Monday Morning Cup of Coffee takes a look at stories across the HousingWire news desk, with more coverage to come on bigger issues.
Starting off the first week of fall, the government is pursuing a courtroom test on allegations that banks defrauded investors by selling them defective mortgages. The courtroom battle starts on Tuesday, an article in the Financial Times explained.
The U.S. attorney’s office in Manhattan brought civil charges against Bank of America (BAC) and Countrywide Financial, the mortgage lender it acquired in 2008.
This case is the first to not settle before reaching a jury, mostly since it utilized the novel statue, the Financial Institutions Reform, Recovery and Enforcement Act of 1989.
“FIRREA empowers the U.S. to bring civil charges against any actor that has committed certain crimes ‘affecting a federally insured financial institution’. The law is a powerful tool for the government because it has a 10-year statute of limitations and potential for significant penalties,” the article stated.
The industry braced itself for tapering in September, but to everyone’s relief, it did not happen. Now, Greg Reiter, head of residential mortgage research at Wells Fargo, tossed in a new month to watch for Fed tapering: December.
“There is also a good probability that it could be in 2014. With this, we are modestly positive on the basis from a tactical standpoint over the near term; however, we continue to believe there is asymmetric risk wider for spreads longer term as we head toward an eventual QE tapering and a moderation of the Fed demand technical,” Reiter said in a press release on agency mortgage-backed securities.
Furthermore, Reiter explained that investors still need to tread cautiously, taking a balanced approach to asset allocation and security selection.
The constant fluctuation of the Federal Reserve has created a stock bubble of sorts, with the most recent decision to continue bond buying inevitably popping it, an article from CNBC said.
"Bubbling his way out of trouble," is the way Michael Hartnett, the chief market strategist at Bank of America Merrill Lynch, termed Fed Chairman Ben Bernanke's approach to the market in the article.
“Hartnett's analysis was not so much that the bubble had been breached, but rather a suggestion that perhaps all the Fed accommodation had caused a bubble with which Bernanke was happily compliant,” the article noted.
The lack of reliable communication and loose Fed policy created the bubble, and it will continue to if not resolved.
With America’s mom and dad fighting, the kids will have to pay the price.
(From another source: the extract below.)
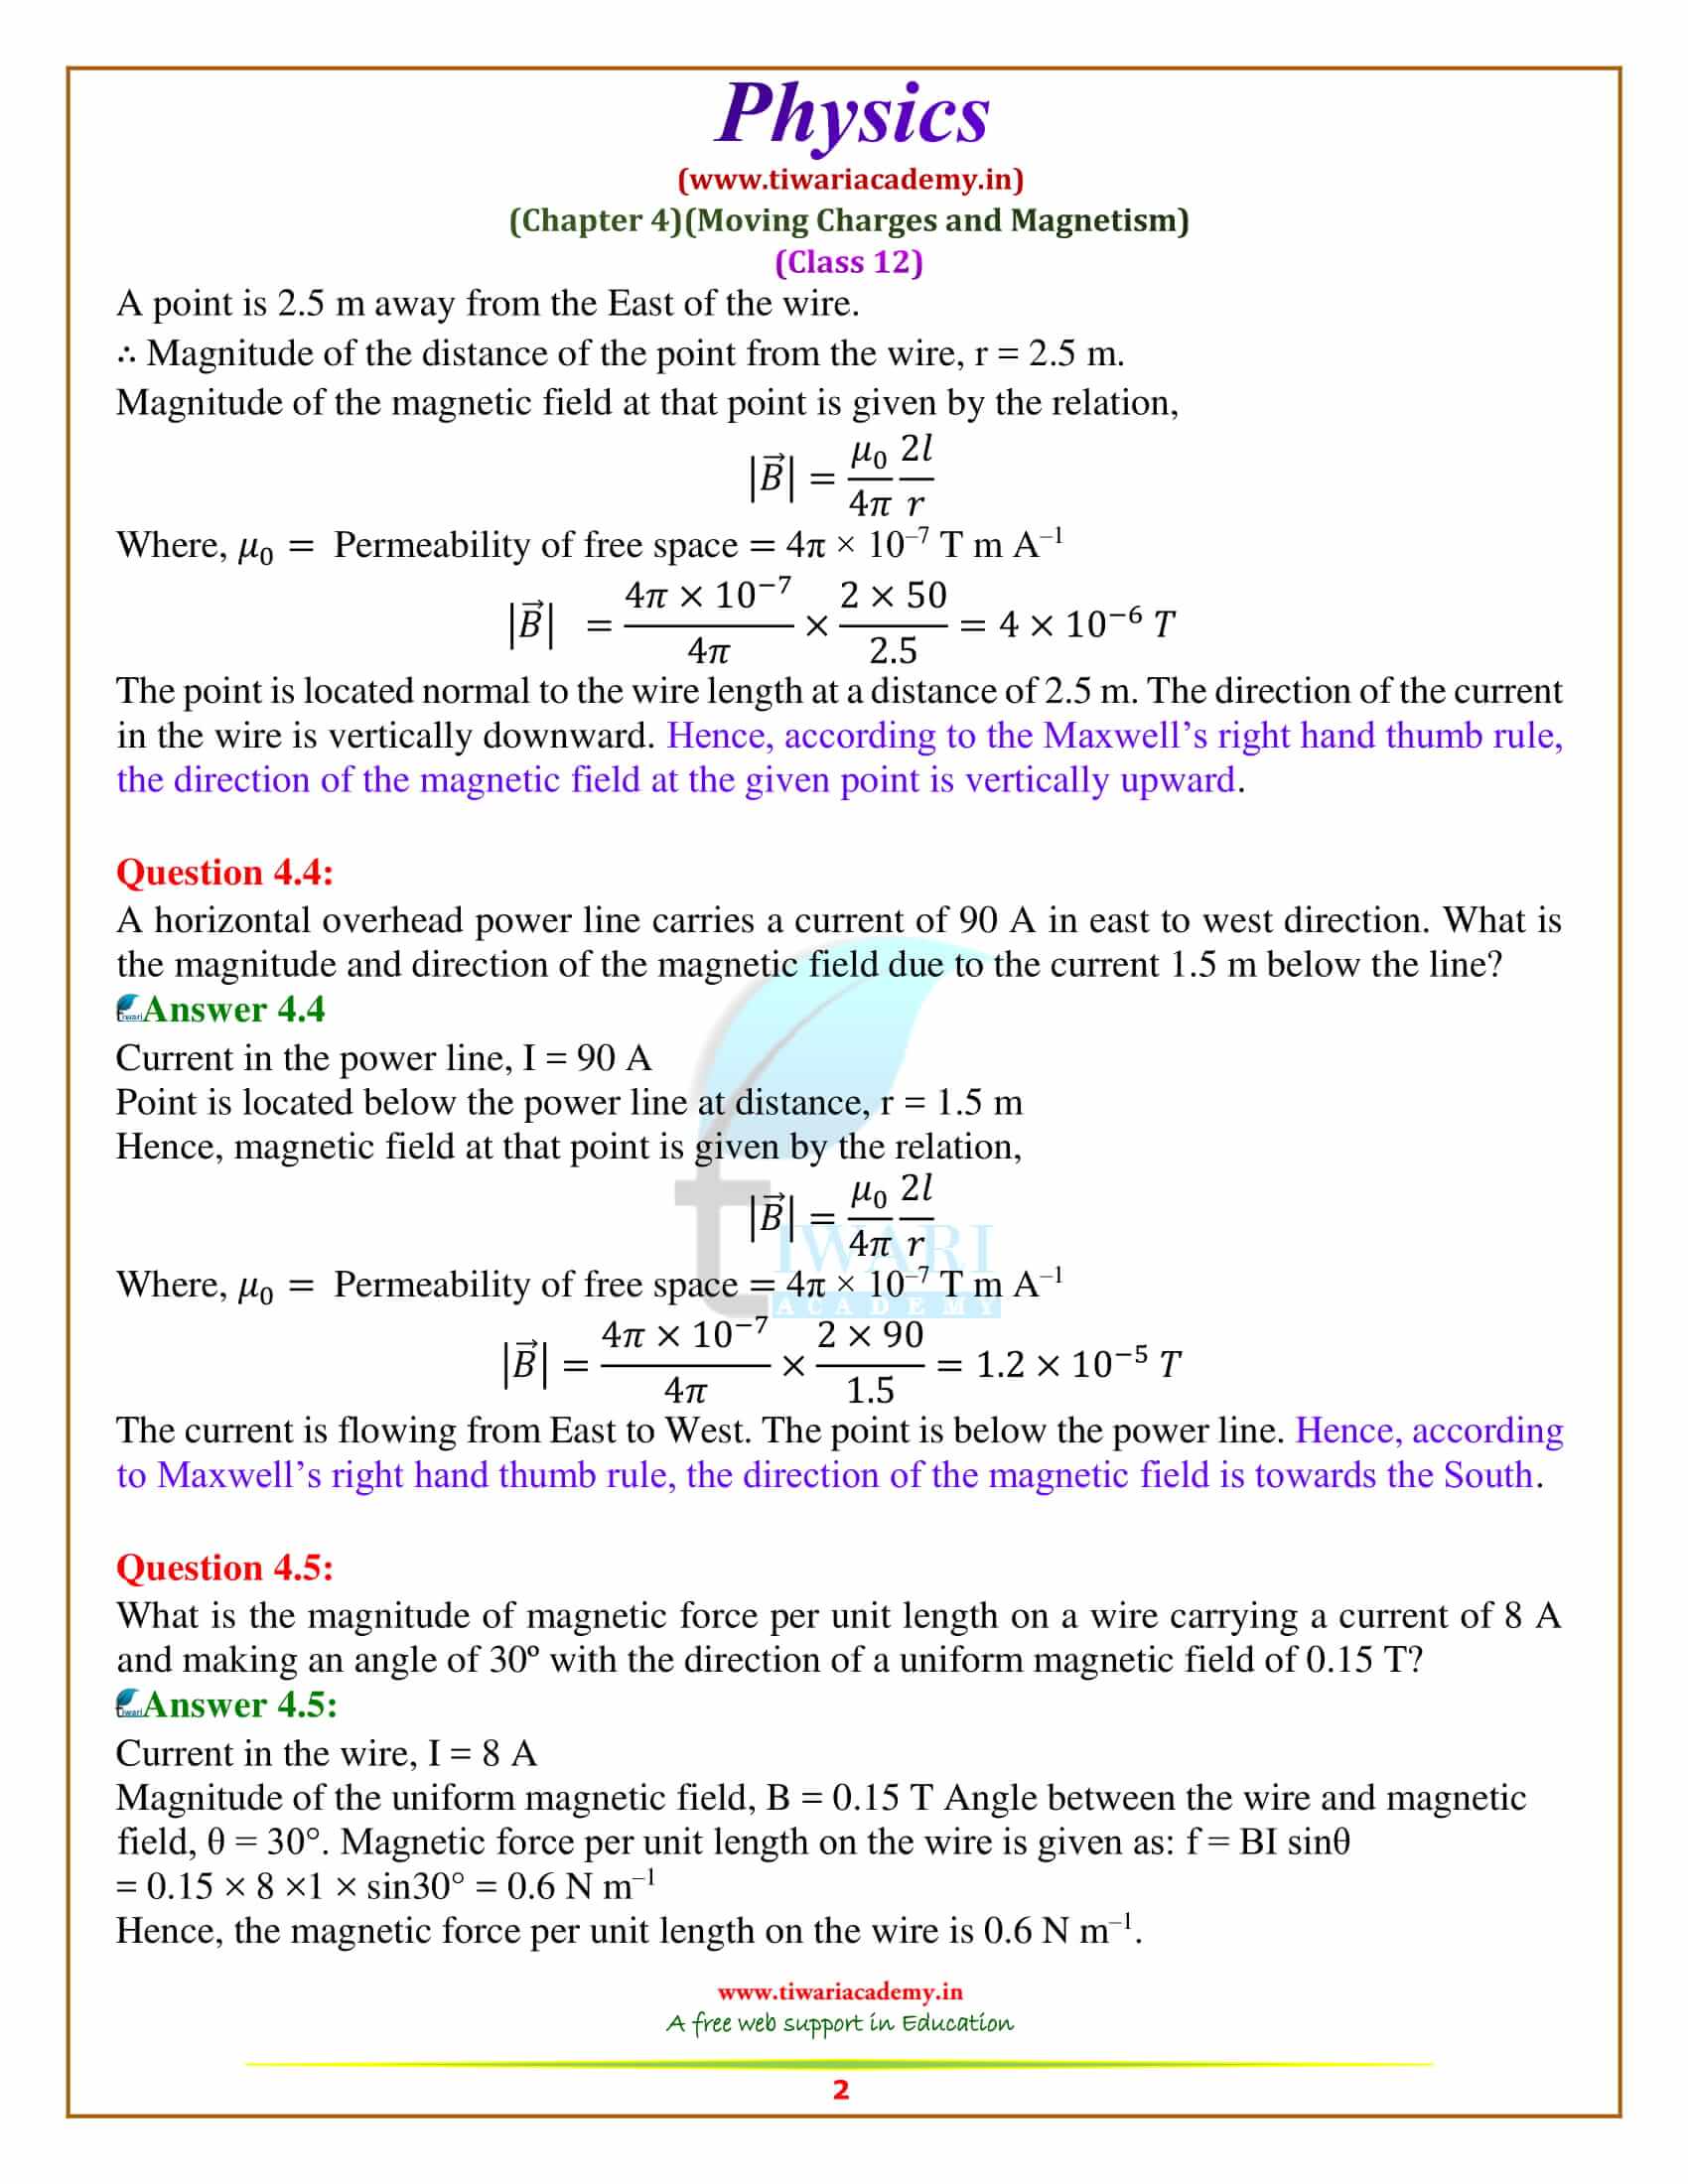 NCERT Solutions for Class 12 Physics Chapter 4 Moving Charges and Magnetism in pdf

If the House, Senate and White House do not come to an agreement by Sept. 30, large functions of the federal world could shut down on Oct. 1.
Over the past 17 years, Congress has not met its statutory deadline for approving spending bills and has shut down a handful of times, with one lasting 21 days, an article in The Washington Post said.
This time, the confrontation is over the conservative Republican effort to defund the Affordable Care Act and is considered to have no chance of passage in the Democrat-controlled Senate.
In the mean time, the Obama administration told agencies to begin planning for a partial shutdown and to be prepared for the possibility of a lapse.
It’s up to Congress and the White House to decide when the shutdown will end, but there is no doubt there would be plenty of pressure from the public and workforce.
The Federal Deposit Insurance Corp. did not close any banks during the week ending Sept. 20.